Он рисовал, а Сонька стояла за его спиной. На полотно ложились ясные краски утреннего моря, светлого воздуха и солнца. Его красные лучи взмывали, словно чайки, в них слышалось пение воды, полосы света напоминали невесомые взмахи крыльев.
Сонька подошла совсем близко к Исаеву и сама не заметила, как легко положила руку на его плечо. Он был в легкой парусиновой куртке. Его волосы отсвечивали ясной сединой, странно неровной, как будто прибавлялась она в какие-то короткие мгновения, о которых Сонька ничего не знала, там, в небе.
– Куда вы после деваете ваши рисунки? – спросила Сонька.
– Некоторые у меня. Обычно же отдаю их тем, кому они понравятся.
– Как хорошо-о…
– Что хорошо? – обернулся к ней Исаев.
– Быть таким художником. Вы потом подарите мне эту картину?
– Только в том случае, если она будет лучше всех других моих картин.
– Наш Филька Горохов тоже рисует для всех. Я не люблю, когда рисуют для себя.
– Значит, он станет настоящим художником.
– Таким же, как вы?
– Нет, Соня, я летчик. И уж потом немножко художник. Человек должен уметь по-настоящему что-нибудь одно.

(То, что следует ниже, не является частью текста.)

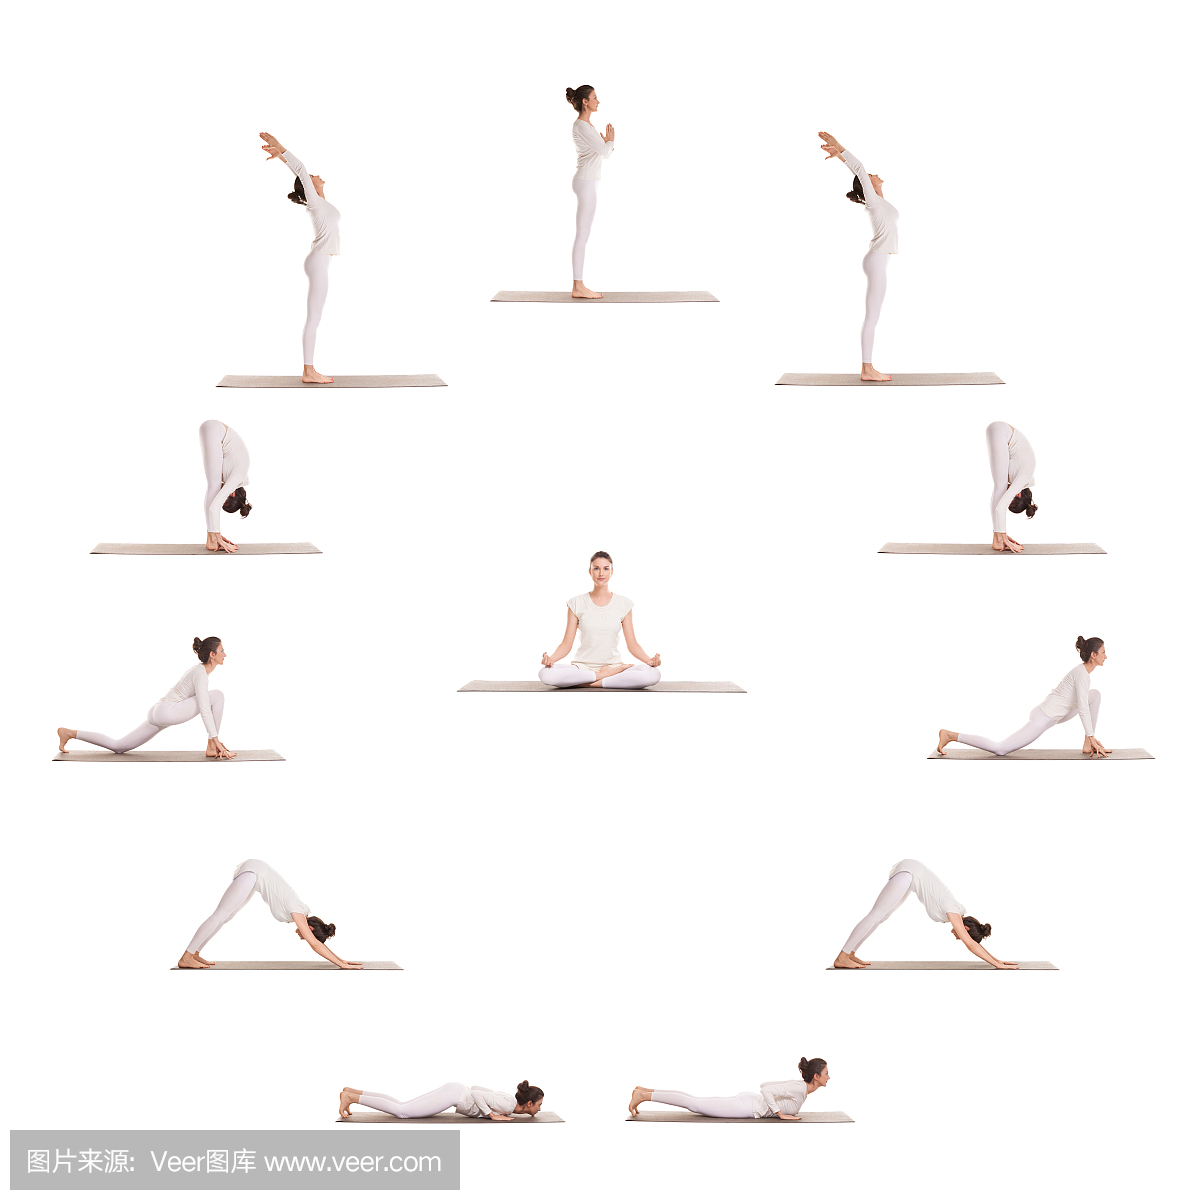 五个瑜伽姿势分类合集 帮助设置瑜伽日常练习序列 包含站坐平衡-搜狐大视野-搜狐新闻

Я испытываю самолеты…
– Федор Степанович, у нас в интернате мальчишки только и говорят про летчиков-испытателей, говорят, что первый полет… это – как повезет…
По лицу Исаева пробежала едва уловимая тень.

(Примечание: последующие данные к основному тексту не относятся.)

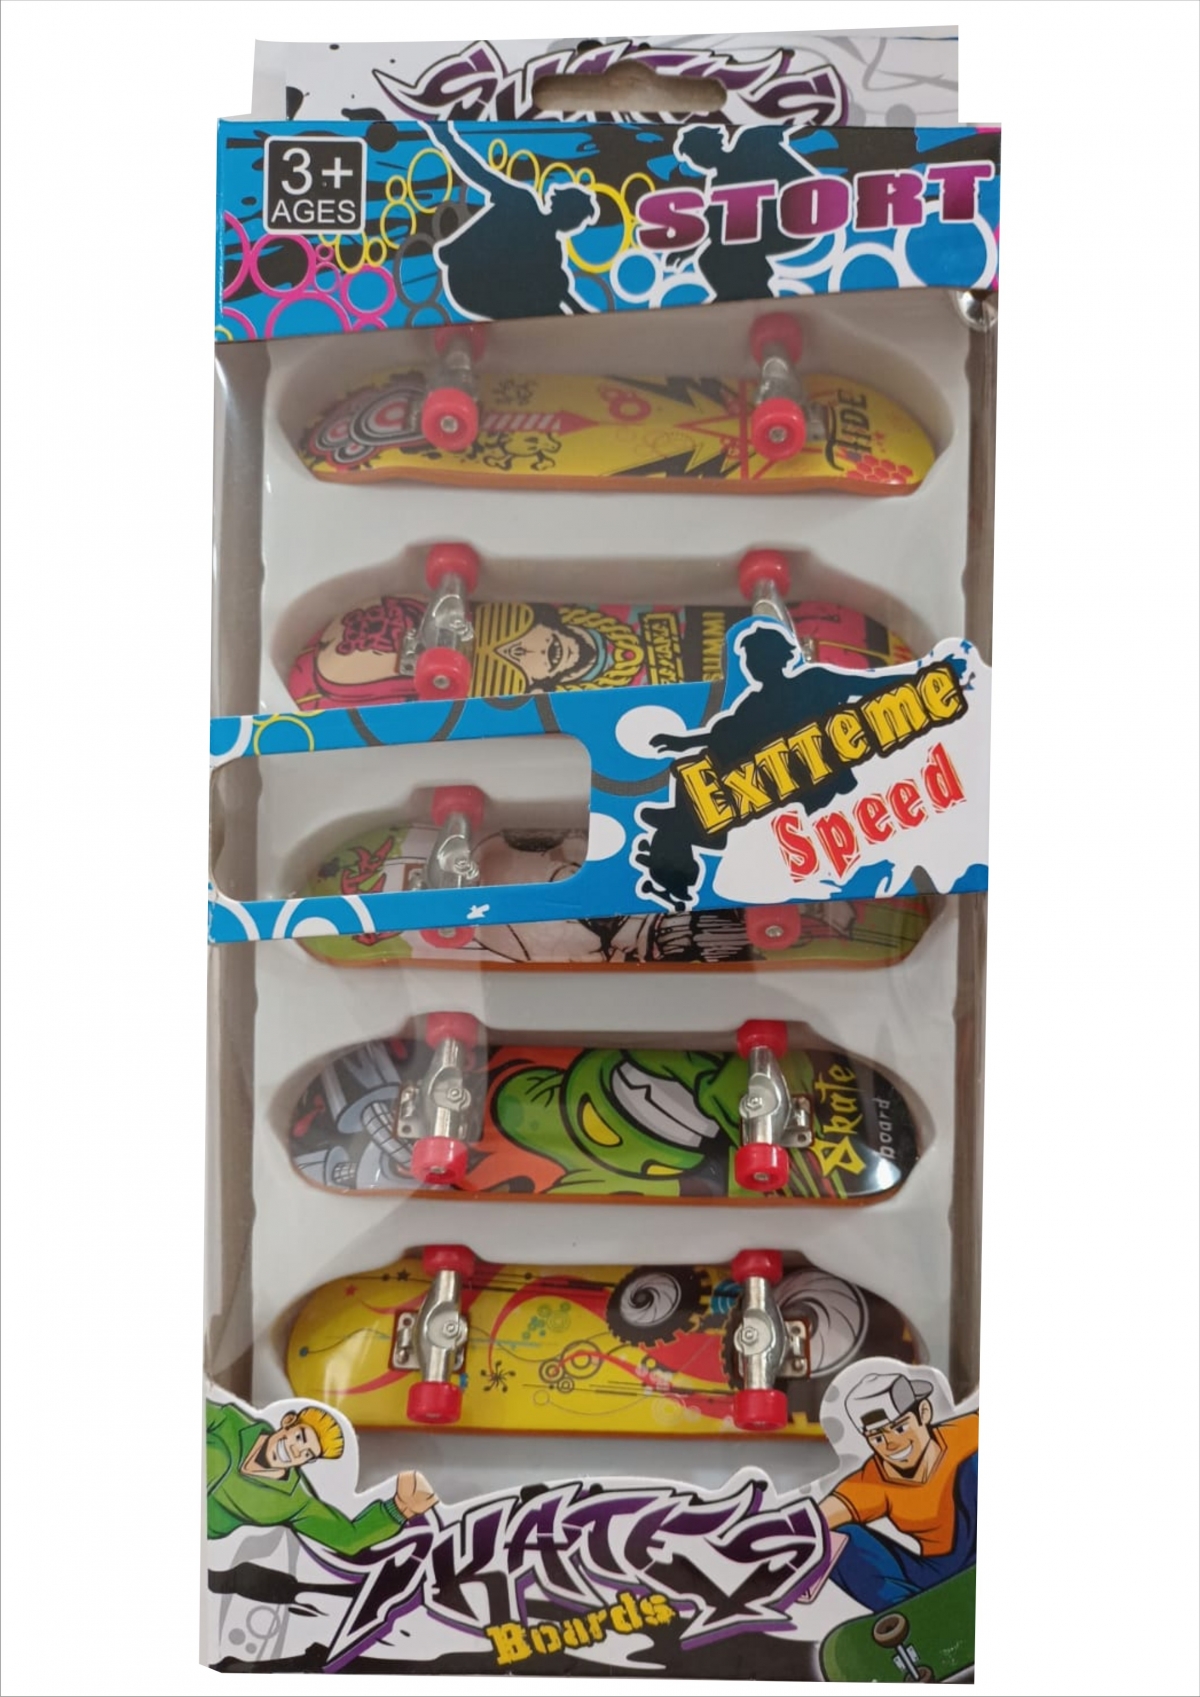 Kit 2 Skate De Dedo C/ Lixa Fingerboard Criança + Acessórios

– Многие думают, что при испытании самолета все решает первый полет. А это лишь начало длительной и сложной работы, Соня. За первым полетом следуют другие – целая серия испытаний. Немало времени уходит на изучение испытательной программы. И везение тут ни при чем. Совершенно новому типу самолета отдаешь не один месяц.
– Это очень опасно, Федор Степанович? Ведь при испытании бывают всякие неожиданности…

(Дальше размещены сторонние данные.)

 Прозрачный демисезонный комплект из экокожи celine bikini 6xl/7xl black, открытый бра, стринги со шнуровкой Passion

– Бывают, – улыбнулся Исаев. – У нас даже говорят: главный враг летчика-испытателя – неожиданность. Но ведь именно неожиданность дает возможность выявить новые стороны в поведении опытного самолета, дает бесценный материал исследователям и тем, кто будет летать на этих самолетах после испытателей. Так что неожиданность, Соня, скорее наш союзник, нежели враг. Надо только быть готовым к внезапности, более того, надо ждать ее.
– А что же – враг?
– Опасны ошибки памяти и внимания… Забыть что-либо в испытательном полете недопустимо… – Исаев умолк и некоторое время всматривался в дымно-сизую даль моря. – Взгляни-ка, как изменился цвет неба на горизонте. Удивительно изменчивы краски… – Сонька поняла, что летчик незаметно уводил ее от разговора о самолетах, о своей сложной и опасной работе. – Настоящий художник, Соня, это исследователь. Он всматривается в то же, что видят все, но умеет в этом открыть новое и изумить других своим открытием. Ведь ты ищешь свое четвертое измерение не где-то за тридевять земель… Во всяком поиске главный союзник – воображение. Ведь картина – физически – плоскость. – Исаев повернул полотно обратной стороной. – Вот она – обычная серая плоскость. Но, глядя на картину, зритель верит в реальность нереального пространства.